(Saved data entries)
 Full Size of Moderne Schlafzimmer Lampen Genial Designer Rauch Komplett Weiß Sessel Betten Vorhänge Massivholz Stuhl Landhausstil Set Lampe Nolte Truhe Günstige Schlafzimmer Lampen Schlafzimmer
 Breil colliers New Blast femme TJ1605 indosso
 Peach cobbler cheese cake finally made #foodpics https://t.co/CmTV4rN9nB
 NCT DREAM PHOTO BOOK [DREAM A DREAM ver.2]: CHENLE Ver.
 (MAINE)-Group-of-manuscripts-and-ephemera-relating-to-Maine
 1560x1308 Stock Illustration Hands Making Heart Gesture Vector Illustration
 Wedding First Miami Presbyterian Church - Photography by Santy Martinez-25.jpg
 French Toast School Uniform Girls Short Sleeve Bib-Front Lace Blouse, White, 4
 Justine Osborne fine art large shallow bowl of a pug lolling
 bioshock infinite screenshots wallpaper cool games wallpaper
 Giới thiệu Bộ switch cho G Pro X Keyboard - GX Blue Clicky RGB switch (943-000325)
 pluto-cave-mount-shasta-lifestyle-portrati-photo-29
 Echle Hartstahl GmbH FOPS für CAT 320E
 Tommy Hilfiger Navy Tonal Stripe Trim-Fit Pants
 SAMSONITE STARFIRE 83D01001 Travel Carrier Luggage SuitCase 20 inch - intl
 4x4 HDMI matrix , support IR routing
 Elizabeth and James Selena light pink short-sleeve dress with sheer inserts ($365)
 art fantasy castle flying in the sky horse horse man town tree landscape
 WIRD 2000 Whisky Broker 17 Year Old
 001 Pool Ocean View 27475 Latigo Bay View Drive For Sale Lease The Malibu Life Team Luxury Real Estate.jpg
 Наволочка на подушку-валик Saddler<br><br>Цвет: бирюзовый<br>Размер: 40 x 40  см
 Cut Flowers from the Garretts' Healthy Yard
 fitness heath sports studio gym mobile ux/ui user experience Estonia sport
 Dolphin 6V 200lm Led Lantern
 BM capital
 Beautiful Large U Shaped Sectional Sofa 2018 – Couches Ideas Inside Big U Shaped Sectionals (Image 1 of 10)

» INSTRUCTIONS TO FOLLOW:
The full set of records is to be written out once more, word for word.

» RESULT:
 Full Size of Moderne Schlafzimmer Lampen Genial Designer Rauch Komplett Weiß Sessel Betten Vorhänge Massivholz Stuhl Landhausstil Set Lampe Nolte Truhe Günstige Schlafzimmer Lampen Schlafzimmer
 Breil colliers New Blast femme TJ1605 indosso
 Peach cobbler cheese cake finally made #foodpics https://t.co/CmTV4rN9nB
 NCT DREAM PHOTO BOOK [DREAM A DREAM ver.2]: CHENLE Ver.
 (MAINE)-Group-of-manuscripts-and-ephemera-relating-to-Maine
 1560x1308 Stock Illustration Hands Making Heart Gesture Vector Illustration
 Wedding First Miami Presbyterian Church - Photography by Santy Martinez-25.jpg
 French Toast School Uniform Girls Short Sleeve Bib-Front Lace Blouse, White, 4
 Justine Osborne fine art large shallow bowl of a pug lolling
 bioshock infinite screenshots wallpaper cool games wallpaper
 Giới thiệu Bộ switch cho G Pro X Keyboard - GX Blue Clicky RGB switch (943-000325)
 pluto-cave-mount-shasta-lifestyle-portrati-photo-29
 Echle Hartstahl GmbH FOPS für CAT 320E
 Tommy Hilfiger Navy Tonal Stripe Trim-Fit Pants
 SAMSONITE STARFIRE 83D01001 Travel Carrier Luggage SuitCase 20 inch - intl
 4x4 HDMI matrix , support IR routing
 Elizabeth and James Selena light pink short-sleeve dress with sheer inserts ($365)
 art fantasy castle flying in the sky horse horse man town tree landscape
 WIRD 2000 Whisky Broker 17 Year Old
 001 Pool Ocean View 27475 Latigo Bay View Drive For Sale Lease The Malibu Life Team Luxury Real Estate.jpg
 Наволочка на подушку-валик Saddler<br><br>Цвет: бирюзовый<br>Размер: 40 x 40  см
 Cut Flowers from the Garretts' Healthy Yard
 fitness heath sports studio gym mobile ux/ui user experience Estonia sport
 Dolphin 6V 200lm Led Lantern
 BM capital
 Beautiful Large U Shaped Sectional Sofa 2018 – Couches Ideas Inside Big U Shaped Sectionals (Image 1 of 10)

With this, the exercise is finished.